ABC-IGNACIO CAMACHO

La anomalía catalana no consiste en los comandos de violencia insurgente, sino en que las autoridades sean sus jefes

ANDA Quim Torra, esa minerva del nacionalismo ilustrado, llamándose a escándalo porque de buena mañana llamaron a las casas de algunos CDR y no era el lechero. Tampoco los visitados eran de la Adoración Nocturna. El empate lo deshace a favor de la democracia el mandato judicial que llevaba la Guardia Civil cuando irrumpió en busca de un material explosivo que efectivamente encontró en el registro domiciliario y que no parecía destinado a la pirotecnia de unas fiestas patronales.

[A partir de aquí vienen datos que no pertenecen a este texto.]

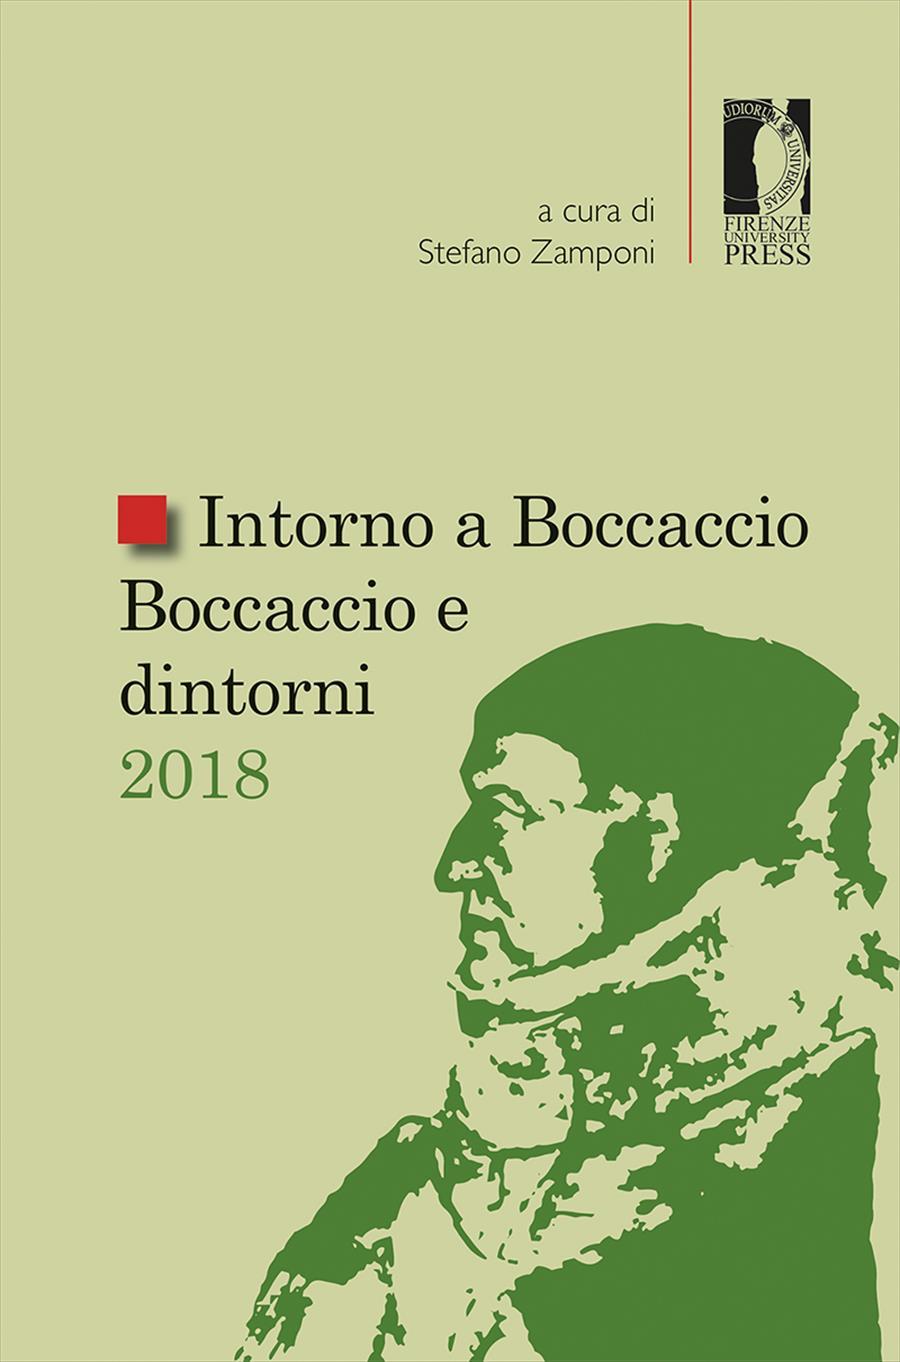 Intorno a Boccaccio / Boccaccio e dintorni 2018

El molt honorable aún no ha llegado a la lección del libro gordo de Petete que dice que en los regímenes de libertades la fuerza es un monopolio que ejerce el Estado para garantizar la defensa de los ciudadanos. Así está tan molesto porque a sus brigadas de choque –«apreteu i feu bé de apretar»– y a su cinturón de protegidos pretorianos se les hayan caído las máscaras de pacifistas por tener almacenados unos cuantos artefactos de terrorismo casero y unos manuales para preparar atentados. Al fin y al cabo, quién no tiene en la despensa un poquito de teramita, gasolina y demás compuestos incendiarios, que nunca se sabe cuándo la vida te puede poner en la tesitura de utilizarlos.

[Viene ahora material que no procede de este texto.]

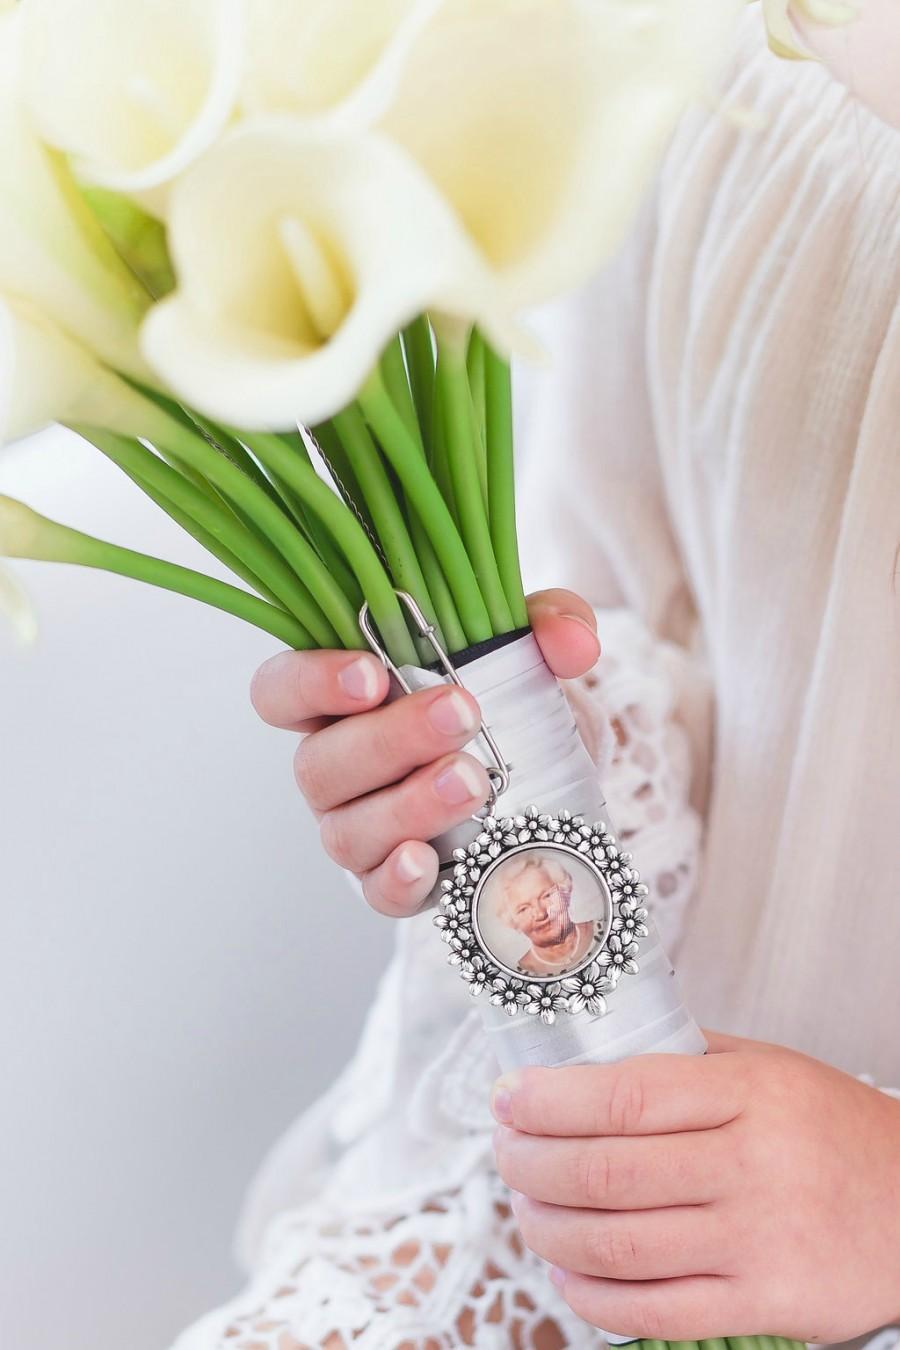 Свадьба - Bridal Shower Gift, Bouquet Photo Charm, Memorial Keepsake Bouquet Charm, Picture Bouquet Charm

El gran problema de Cataluña no consiste en que haya un sector más o menos significativo de la población partidario de la insurrección para obtener la independencia, sino en que las autoridades forman parte de esa facción insurgente a la que dan estímulo y amparo desde las instituciones con el presidente de la Generalitat al frente. Es decir, que los representantes del Estado en la comunidad, que además tienen a su mando una Policía a la que impiden cumplir sus deberes, son los cabecillas del bando rebelde y como tales se manifiestan sin el menor inconveniente. Los comandos radicales, los que ejercen la borroka en las calles, los que arman alboroto cada vez más violento, los que intimidan a la oposición y pintan amenazas en las viviendas de los jueces, no hacen más que interpretar de manera drástica la voluntad expresa de sus jefes. Por mucho que lo maquillen con un pacifismo de colorete, el mito de la resistencia pasiva se vuelve cada vez más débil y tras su imagen desflecada aparece el retrato grupal de una vulgar banda de delincuentes… jaleada por una tropa de imbéciles.

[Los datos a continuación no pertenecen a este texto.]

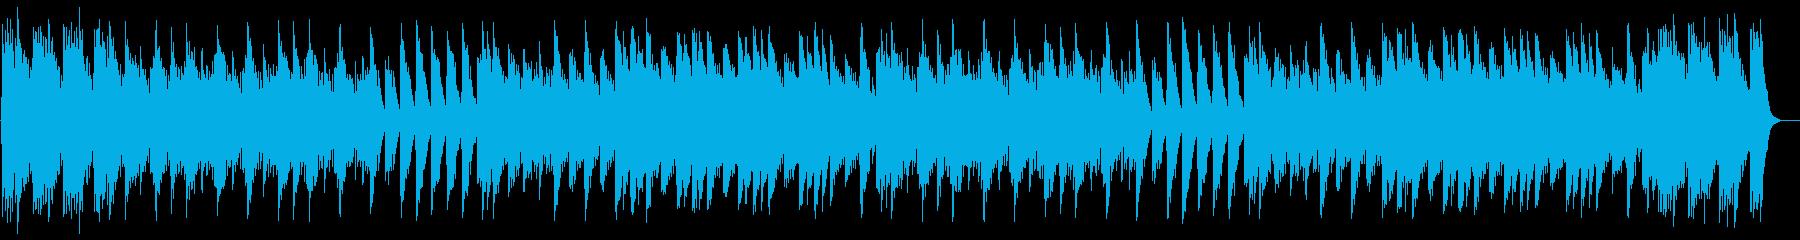 ドリーミーなオルゴールのアルペジオの再生済みの波形

Pero aunque sea potente la tentación de no tomarlos en serio, una nación que se aprecie a sí misma no puede aceptar esta anomalía durante mucho tiempo. Y llegará un momento en que además de los tribunales tendrá que cumplir con su responsabilidad el Gobierno. Los independentistas se han acostumbrado a despreciar el Derecho porque enfrente no encuentran más que pasividad, conformismo o encogimiento. El próximo desafío está al caer en cuanto salga la sentencia del Supremo. En plena campaña electoral, el resto de España va a medir con ojo atento hasta dónde está el presidente dispuesto a seguir haciéndose el sueco.